The work was part of a series of forty sculptures by local artists designed to showcase contemporary Canadian sculpture to visitors from around the world. These works were selected by a committee tasked with ensuring that the works originated from various regions of the country and represented current artistic trends.


The artwork

The work is composed of two parts. It mainly consists of a ball encircled by a disk from which eight curved, hook-like rays emerge. The back of the ball is closed in the middle by a tapered shape resembling an eye, while at the front, the upper body of a spider-like man emerges swinging his arms above his head. All around this figure, on the disc, woven webs attach the leg hooks of a spider to the base of the man's trunk.
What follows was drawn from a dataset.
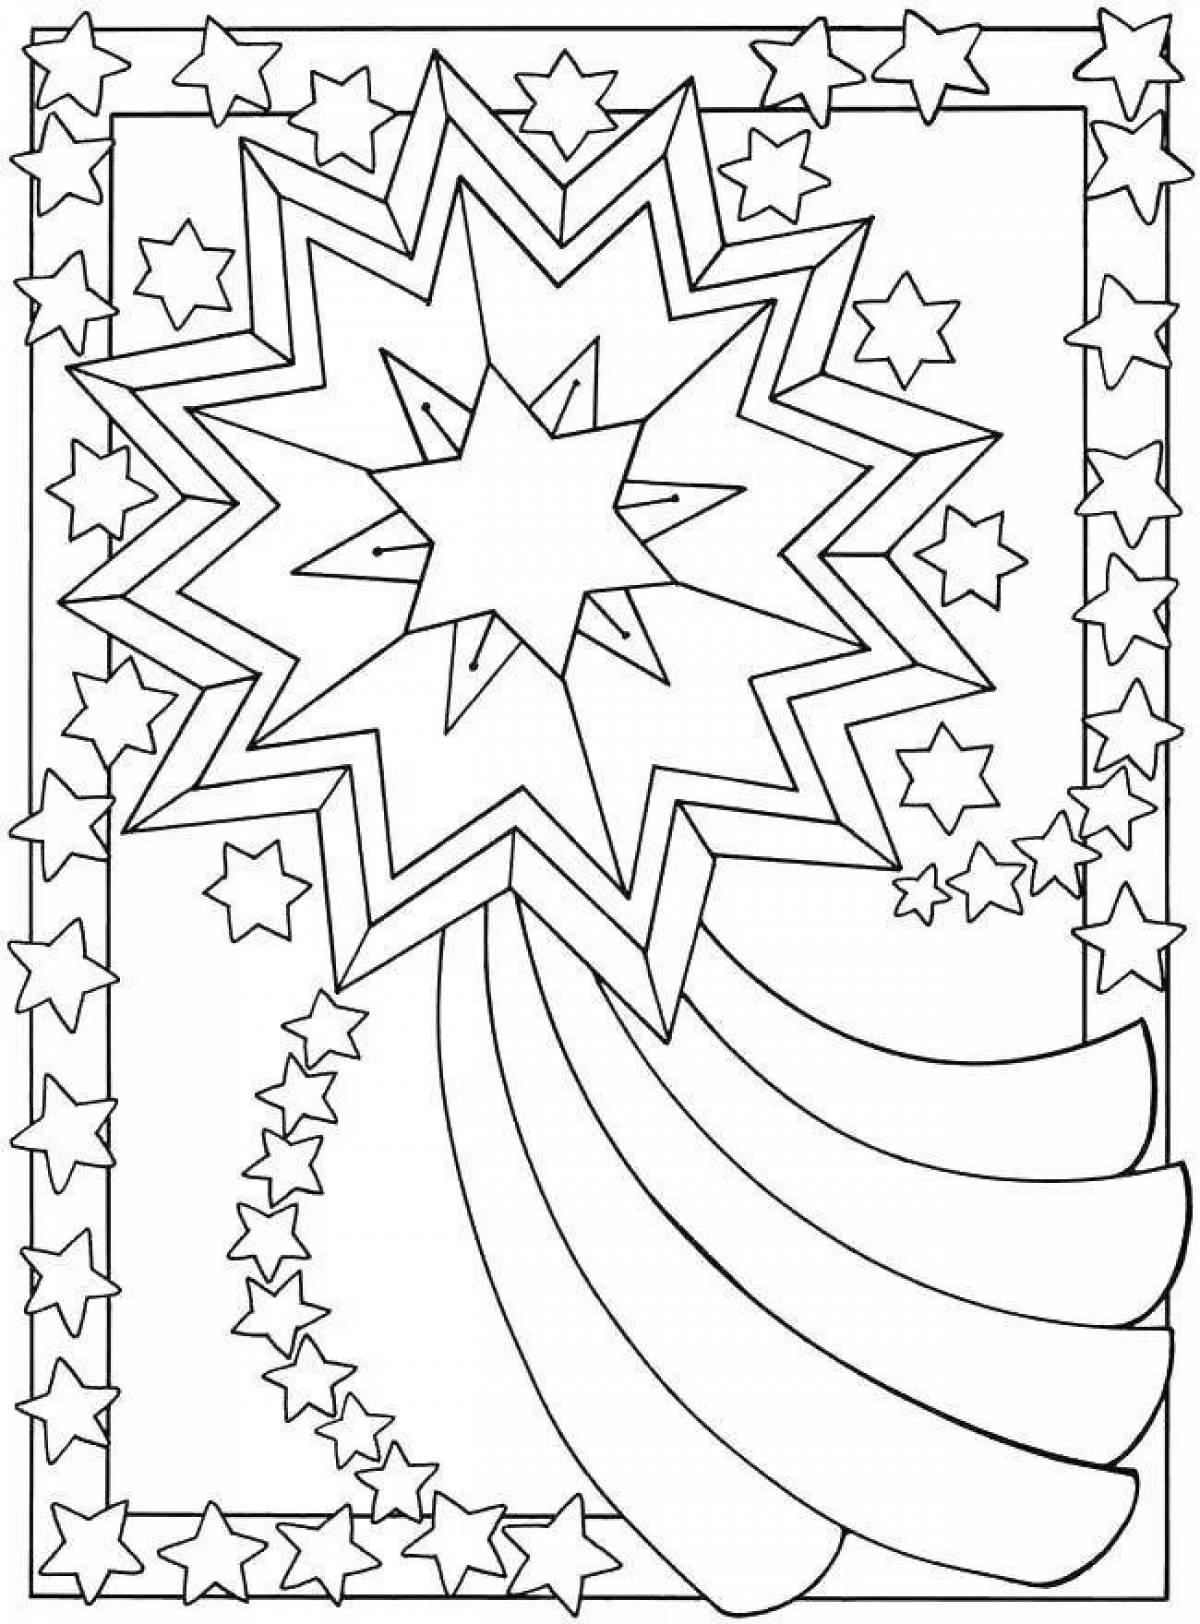 Star of Bethlehem #8

This circular, three-dimensional entity appears perched on legs made of a series of slender metal rods that elevate the sculpture above both the observer and the pool of water. On this modern pedestal, the sculpture is angled so that the man's arms point skyward and his eye looks downward.

This work by Richard Turner aligns with the return to figurative art. Born in Edmonton in 1936, Turner studied at the Vancouver School of Arts (now ECU) between 1958 and 1962. In 1963, the National Gallery of Canada acquired one of his bronzes, Gesture No. 1. In 1966, the Montreal Museum of Fine Arts acquired another of his works, Chambers. The following year, he participated in Expo 67 and Toronto’s Sculpture ‘67 Open-air Exhibition of Canadian Sculpture. From 1974-1974, he taught at the Vancouver School of Arts, then decided to devote himself exclusively to painting. He exhibited widely and won many awards in his career.